Date: 2018-02-20 04:23 pm (UTC)
From: [personal profile] m_hodgson
I did a bit of printing in my youth and the beehive shaped things have now piqued my interest. They don't seem to relate to that press at all. After some searching I found a picture of a Treadwell's wooden-frame bed and platen power press, which uses weights that look similar. Maybe the person who drew that image was a bit confused.

http://exhibits.library.jhu.edu/files/original/14f4f8432f2a53156301bc064d622aaa.jpg

On the Shadows of the Ideas paperback

Date: 2018-02-18 02:38 pm (UTC)
From: (Anonymous)
On the Shadows of the Ideas looks absolutely gorgeous. Sadly, as a European student it is out of my price range - the shipping is as much as the book itself!

Will it also be published in paperback eventually?

- Brigyn

(no subject)

Date: 2018-02-21 10:37 am (UTC)
From: (Anonymous)
Hi JMG,

I've noticed on the train a big rise in people with books again. I used to see people reading a lot on the train, with actual books, several years ago. One nice thing about them is that you can see the covers and get a sense of the popularity of some things, some times even people would stop quickly to talk about how much they loved a book with a stranger. Then it switched to e-readers in a big way and I never saw anyone with books. Then maybe after a year or two I started to see people reading on their tablets or phones (at least that is what I think happened, it was harder to tell at a glance, but I'd see screens of text with no pictures so that was what my impression was). Then it seemed like people were just texting or playing tile flipping type video games on their phones for a while, but occasionally I would see somebody reading some real classic in book form, like Moby Dick or something. Now I see books often again, not quite at it's peak but getting closer.

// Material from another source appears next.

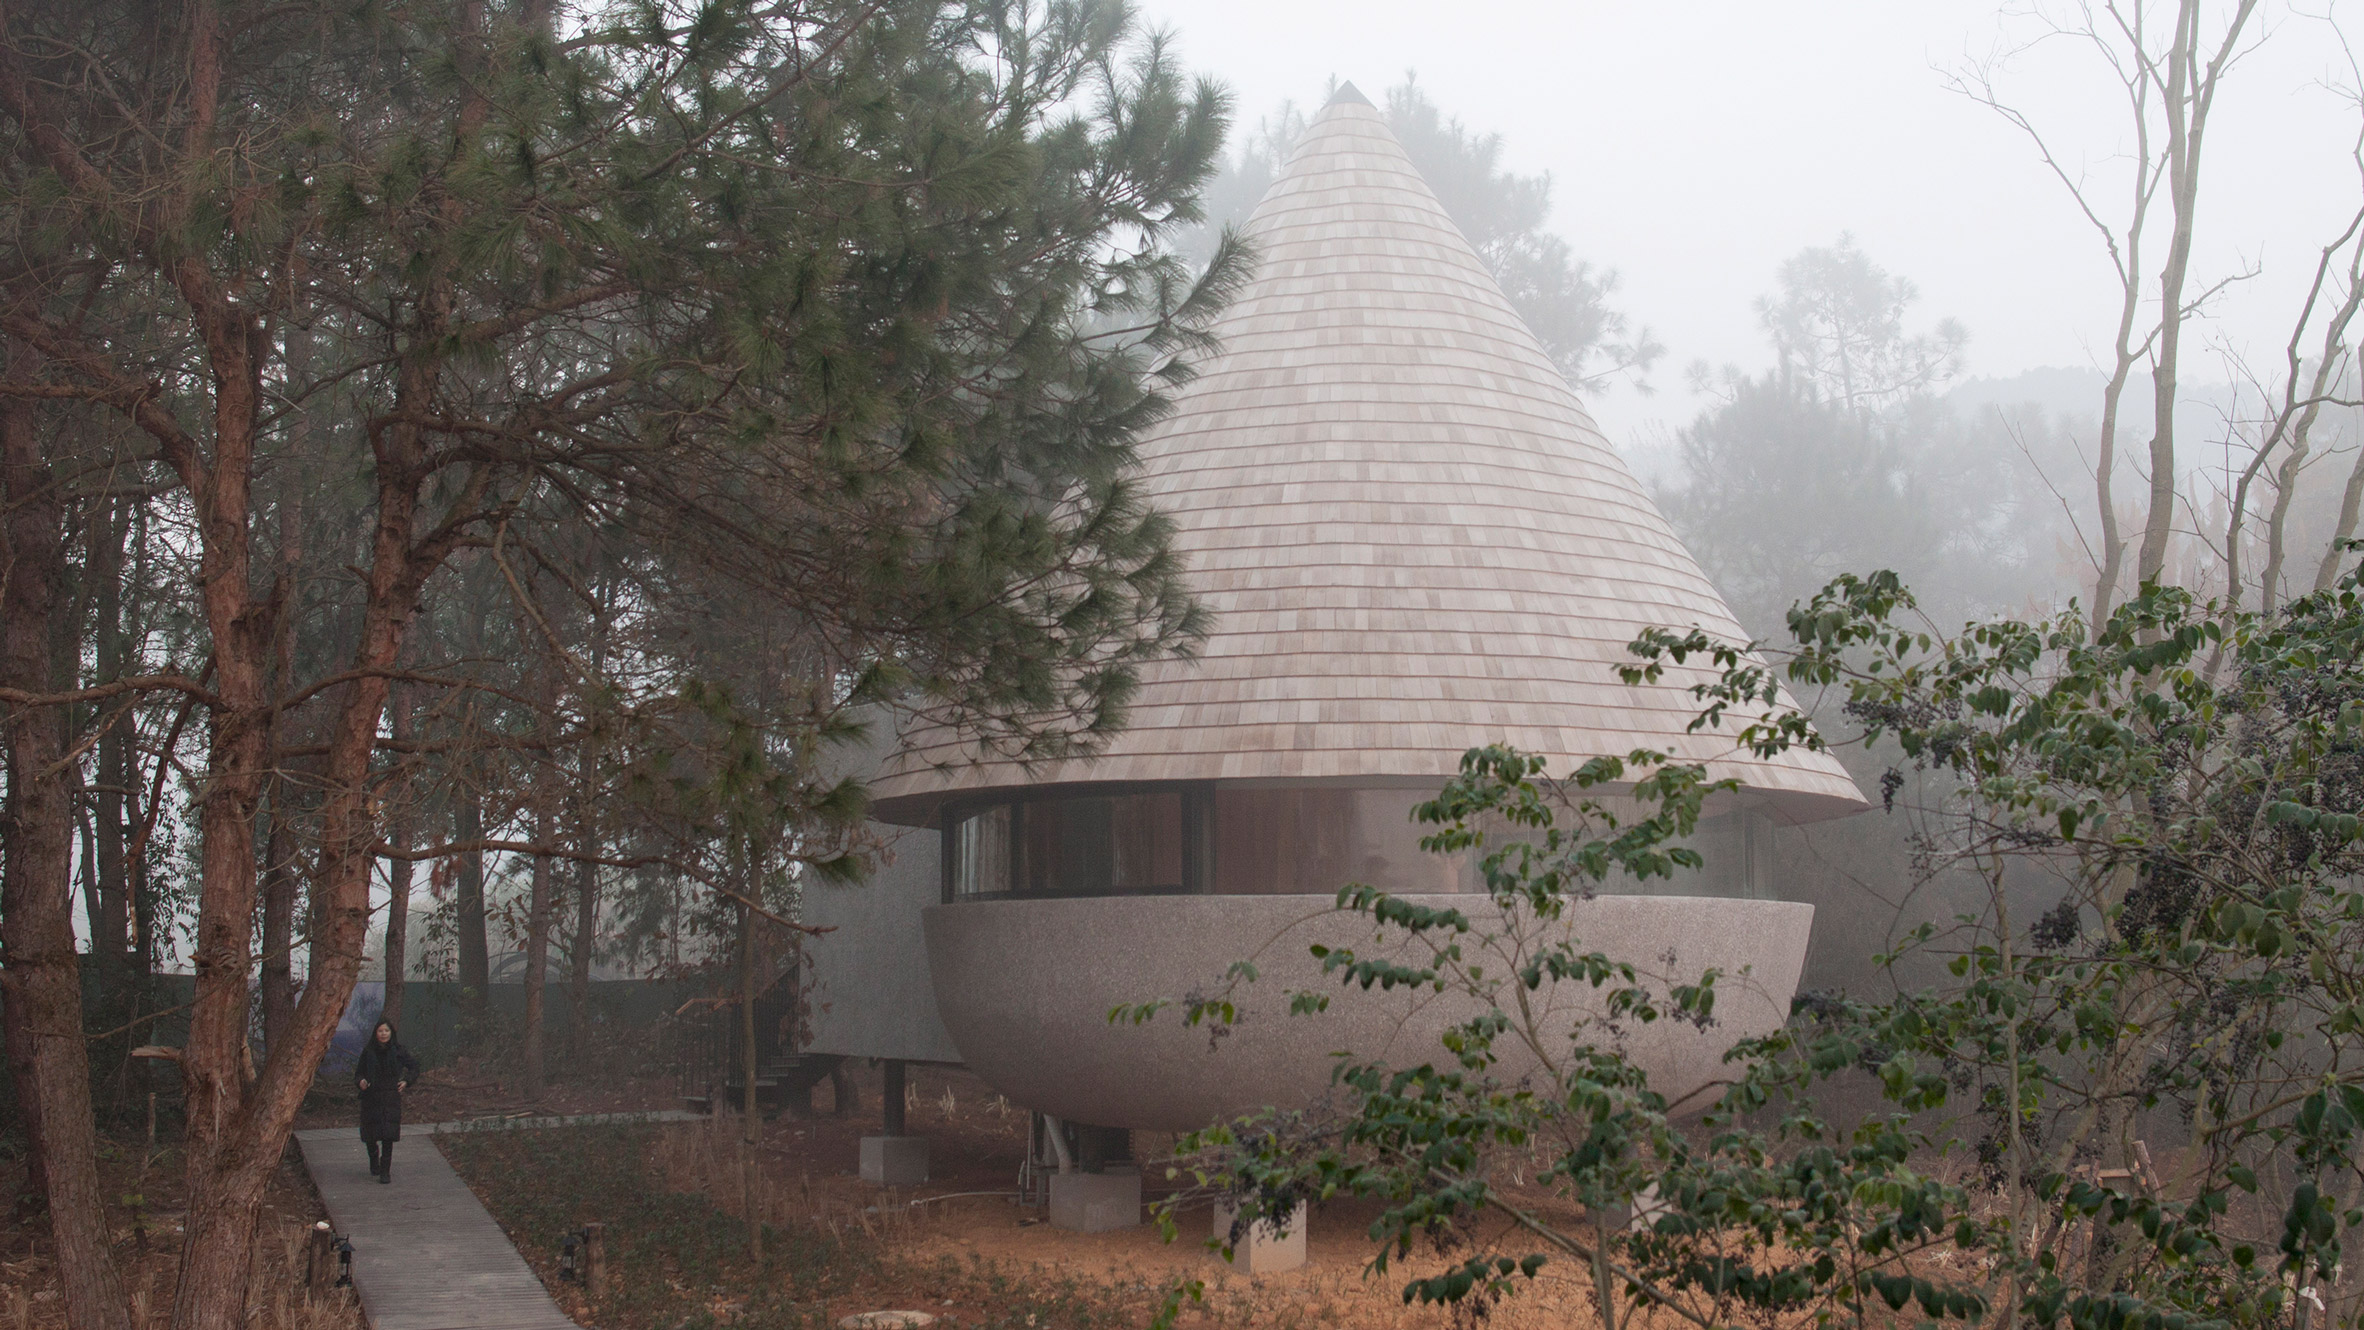 A guesthouse with a conical roof

Personally I stayed with physical books the whole time but I'm happy to see the change. I thought the loss of the social/cultural things around reading (the things you can subtract from the experience without obviously seeming to lose anything in the switch from books to e-readers) was a bit sad but I think a lot of people probably felt some of that themselves too. My other thinking is that their e-readers just stopped working, haha.